And what of the neglected ark?  It is captured, but it does not lose its symbolism as the Father’s throne seat.  It is here that we see the glory being returned to where Israel first battled against the Philistines.  The encampment, Ebenezer, the stone of help, was the very stone of stumbling (1 Peter 2:8) which burdened the Israelites; yet by the return of the ark at the side of Samuel in 1 Samuel 7:

1Sa 7:12-13  Then Samuel took a stone and set it up between Mizpah and Shen and called its name Ebenezer; for he said, “Till now the LORD has helped us.”  (13)  So the Philistines were subdued and did not again enter the territory of Israel. And the hand of the LORD was against the Philistines all the days of Samuel.

Thus, true salvation came not through Eli.  Nor through the ark of the covenant.  Especially not through the might of Israel.  For Israel is weak; the ark an icon; Eli a fallen high priest – but Samuel was led by the Word of God who he met in chapter 2 – and standing tall at the beginning of chapter 4, it is by the word that Samuel conquered and rose higher than the High Priest.  Only through the complete deprivation and erasure of the household of Eli, only through the establishment of Ichabod – of no glory in this house – did the glory of the household of Yahweh return to Israel in the ark’s symbolic return; but the true power had always been the Word which even restores the ark to its purpose.  Only through the breaking of the neck of Eli could his headship be removed from that of Israel and be entirely replaced by the Head of Christ, by the true King David.  Only by the breaking of the neck of Eli could new creation birth be praised, as opposed to birth out of creation-pains of sin.  The death of the old Adam, of Eli, symbolises the born-again life in the Son by the Spirit as we are grafted into the true vine of life (Romans 11:23).

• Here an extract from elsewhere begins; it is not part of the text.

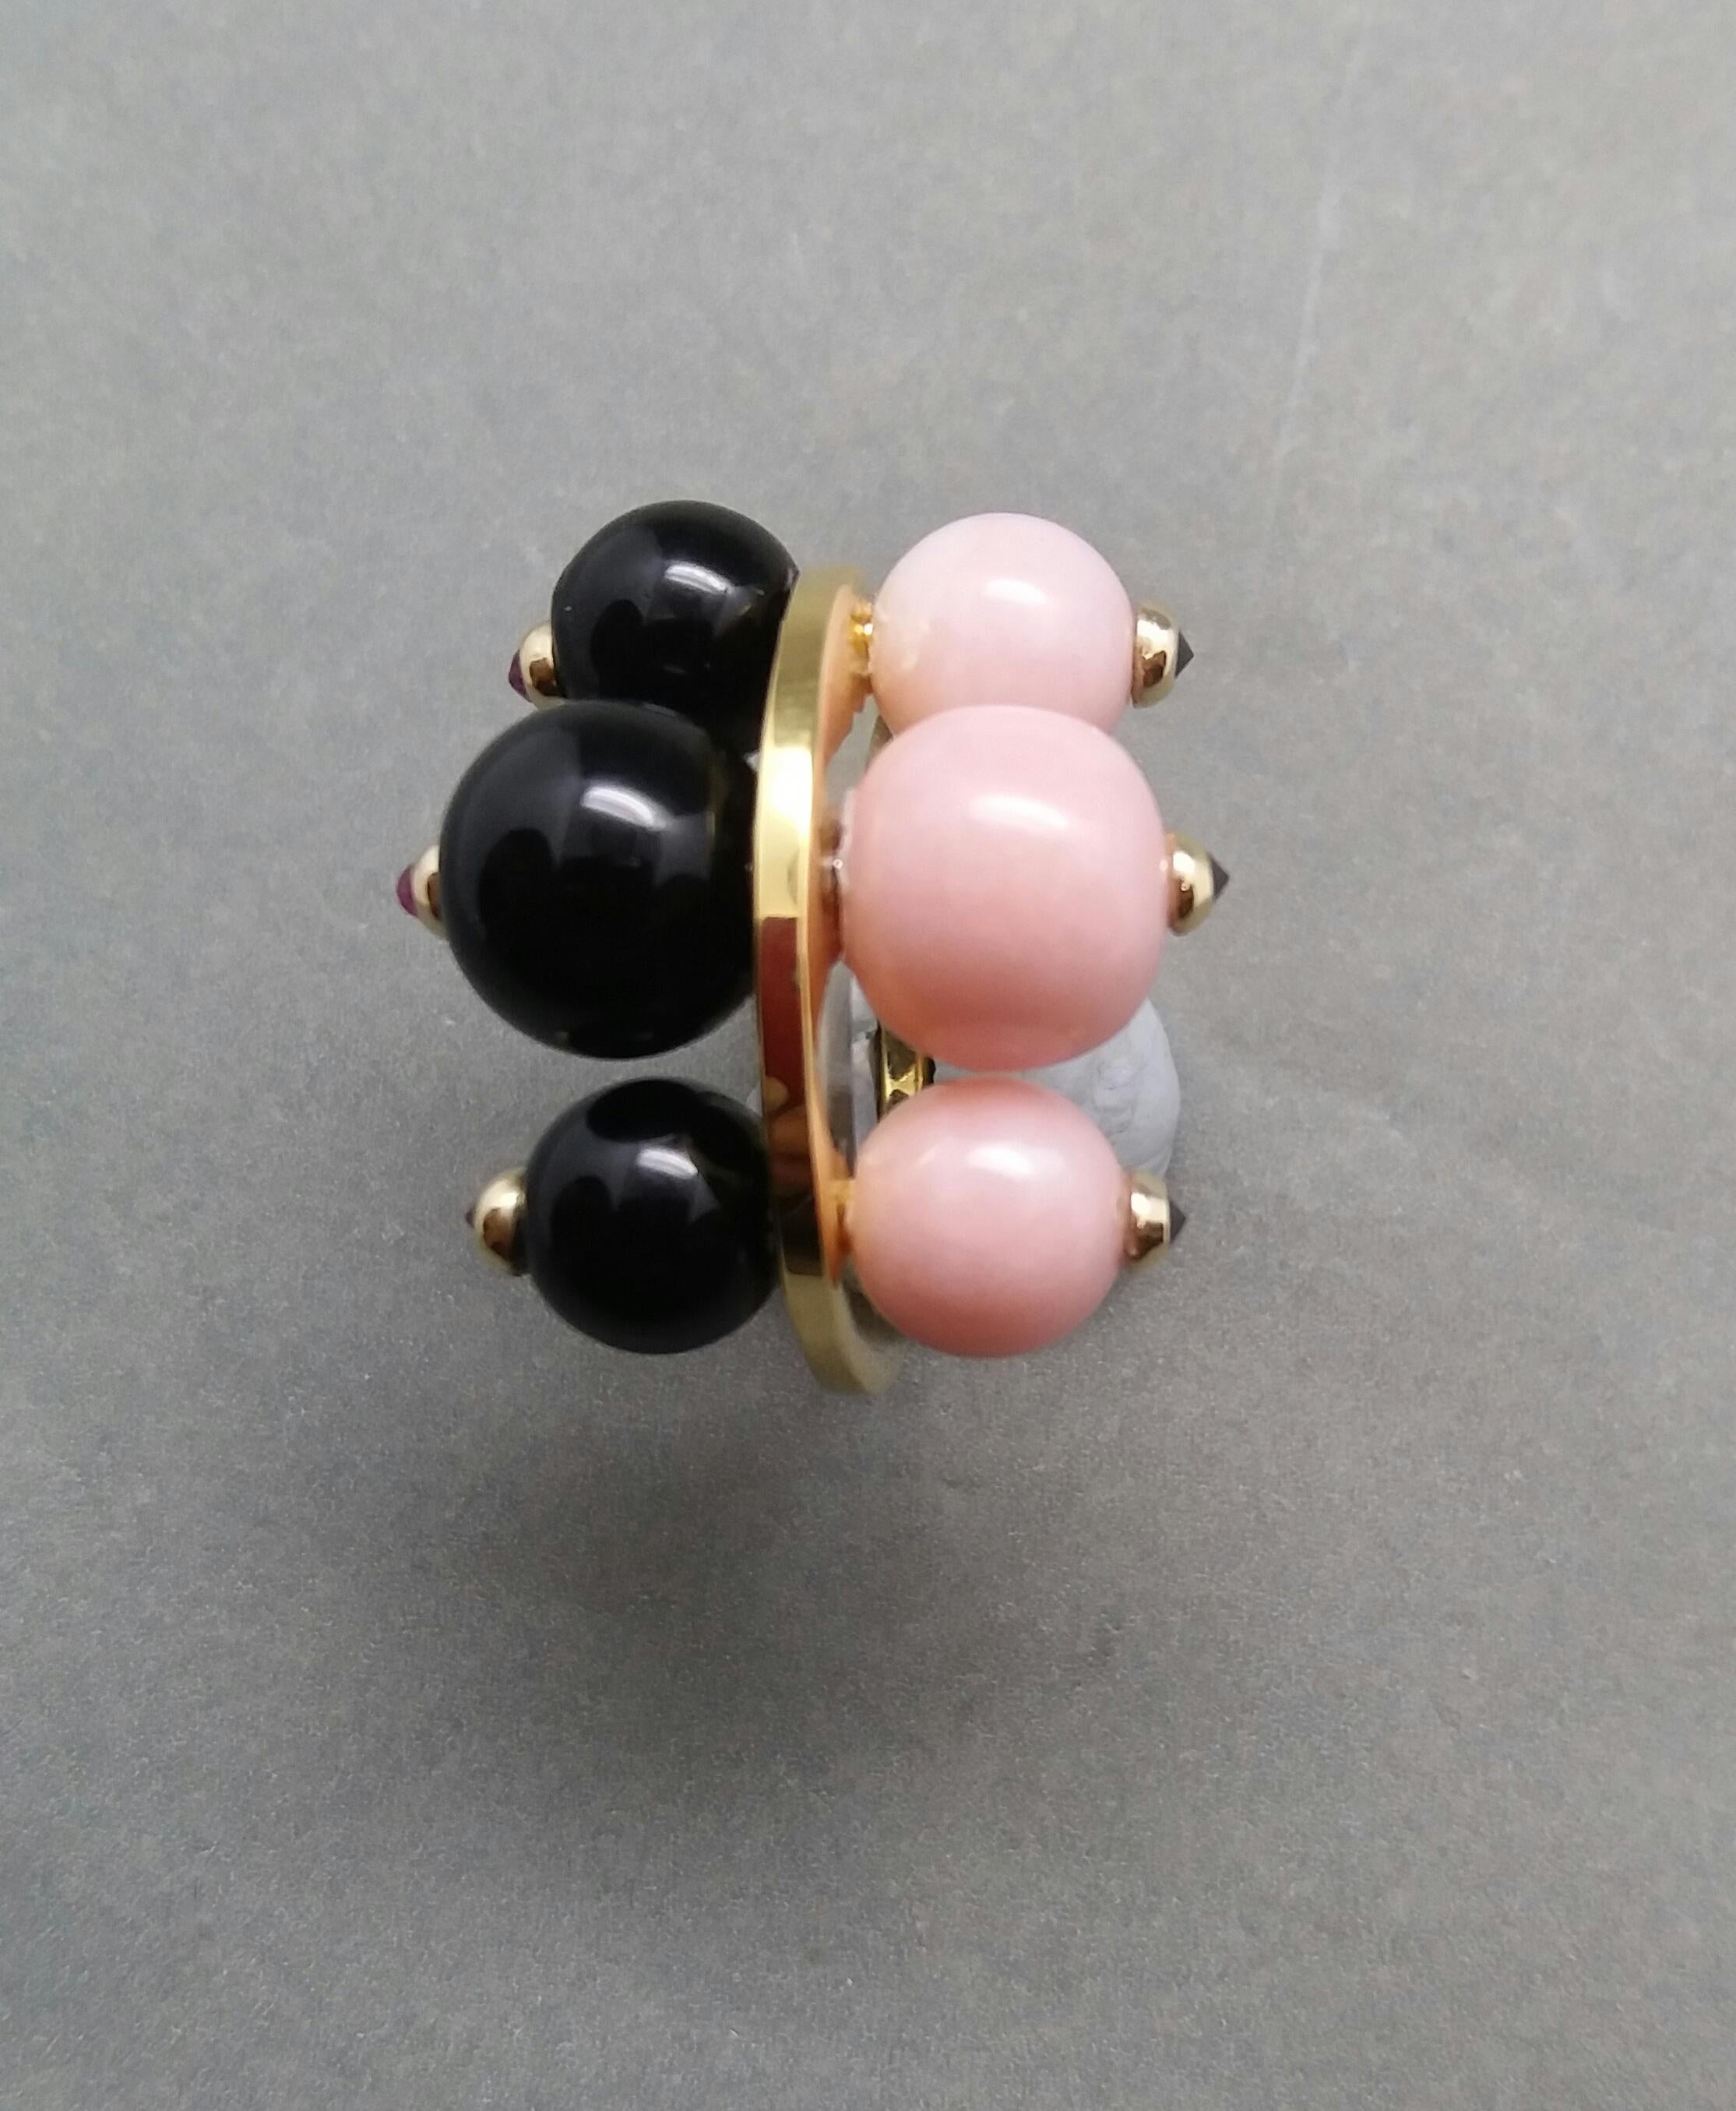 14 Karat Gold Black Onyx and Pink Opal Round Beads Rubies Black Diamonds Ring For Sale 3

Thus, where the Israelites used the ‘ark’ superstitiously for their own glory, Samuel was used by LORD’s Word and Son to lead Israel to glory in spite of the widespread non-messianic Judaism.  It is not by Eli’s failed high-priesthood mediation that Israel is to be redeemed; but that Israel is to be condemned by the law, of the failures in fulfilling the high-priestly role, so that the Word can be the True High Priest and True and Only Mediator as established through Samuel.  So I end this chapter on the prophetic and faithful words of Job:

Job 33:23-26  If there be for him an angel, a mediator, one of the thousand, to declare to man what is right for him,  (24)  and he is merciful to him, and says, ‘Deliver him from going down into the pit; I have found a ransom;  (25)  let his flesh become fresh with youth; let him return to the days of his youthful vigor’;  (26)  then man prays to God, and he accepts him; he sees his face with a shout of joy, and he restores to man his righteousness.